A proof of Lusztig's conjectures for affine type $G_2$ with arbitrary parameters

J. Guilhot and J. Parkinson

Abstract

We prove Lusztig's conjectures $\mathbf{P}\mathbf{1}$–$\mathbf{P}\mathbf{15}$ for the affine Weyl group of type ${\tilde{G}}_2$ for all choices of parameters. Our approach to compute Lusztig's $\mathbf{a}$-function is based on the notion of a "balanced system of cell representations" for the Hecke algebra. We show that for arbitrary Coxeter type the existence of balanced system of cell representations is sufficient to compute the $\mathbf{a}$-function and we explicitly construct such a system in type ${\tilde{G}}_2$ for arbitrary parameters. We then investigate the connection between Kazhdan-Lusztig cells and the Plancherel Theorem in type ${\tilde{G}}_2$, allowing us to prove $\mathbf{P}\mathbf{1}$ and determine the set of Duflo involutions.

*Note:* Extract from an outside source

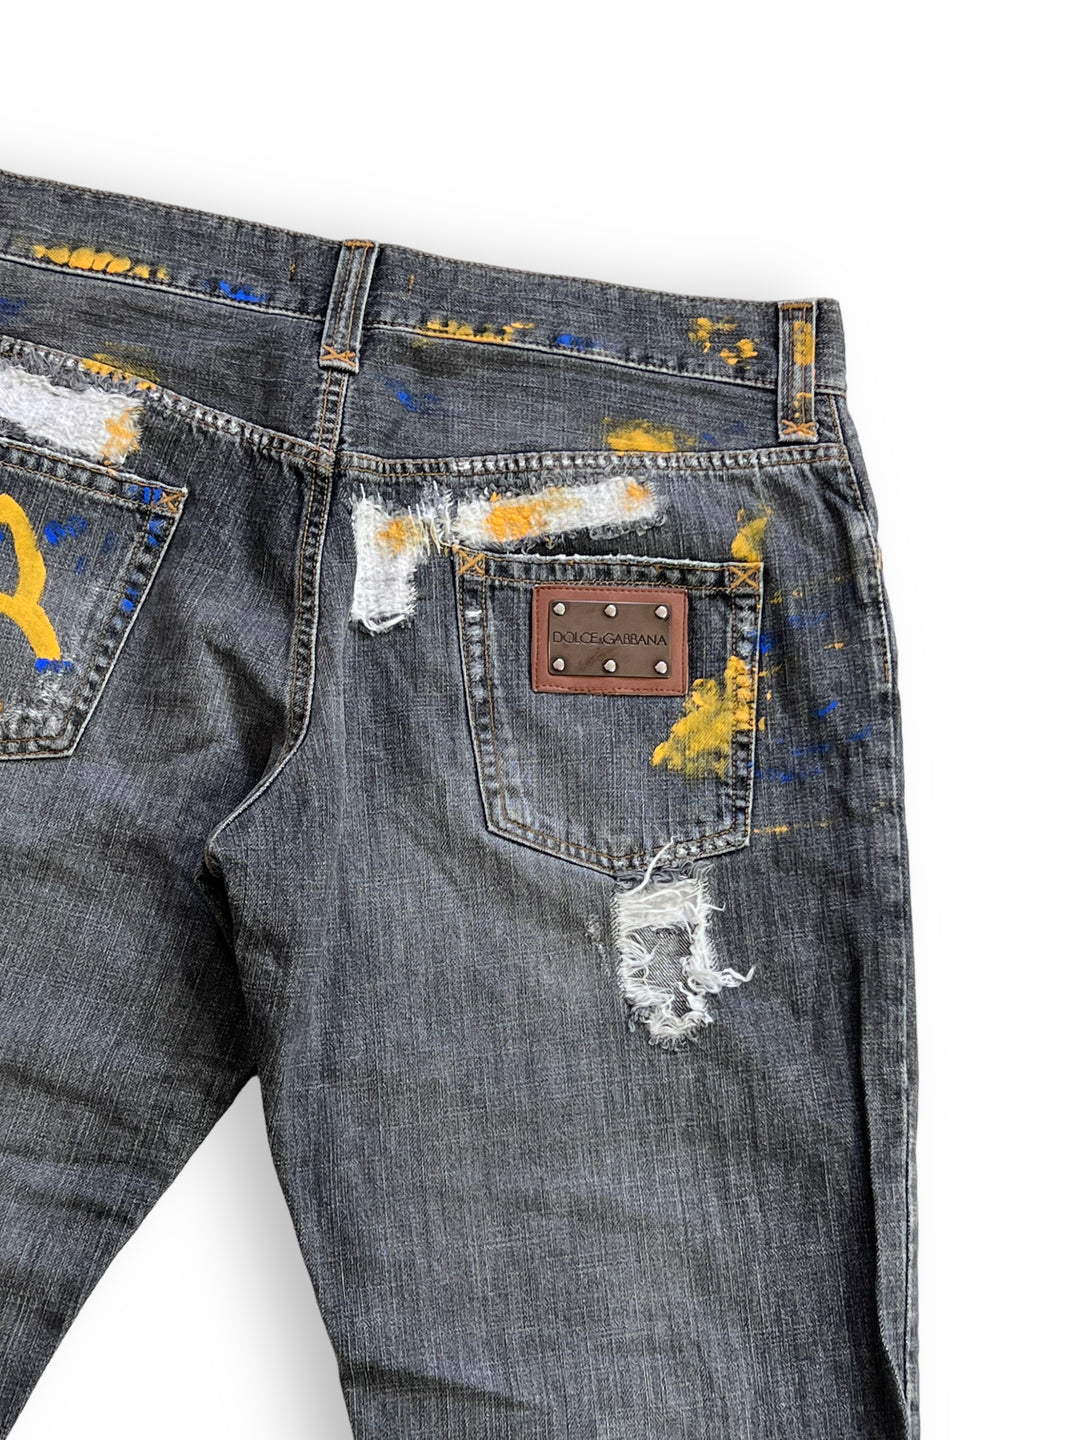 Vintage Dolce & Gabbana Jeans Long Shorts Men's Large

From there, the proof of the remaining conjectures follows very naturally, essentially from the combinatorics of Weyl characters of types $G_2$ and $A_1$, along with some explicit computations for the finite cells.

Keywords: Lusztig conjectures, Hecke algebra, Kazhdan-Lustig polynomial.

AMS Subject Classification: Primary 20C08; secondary 05E10.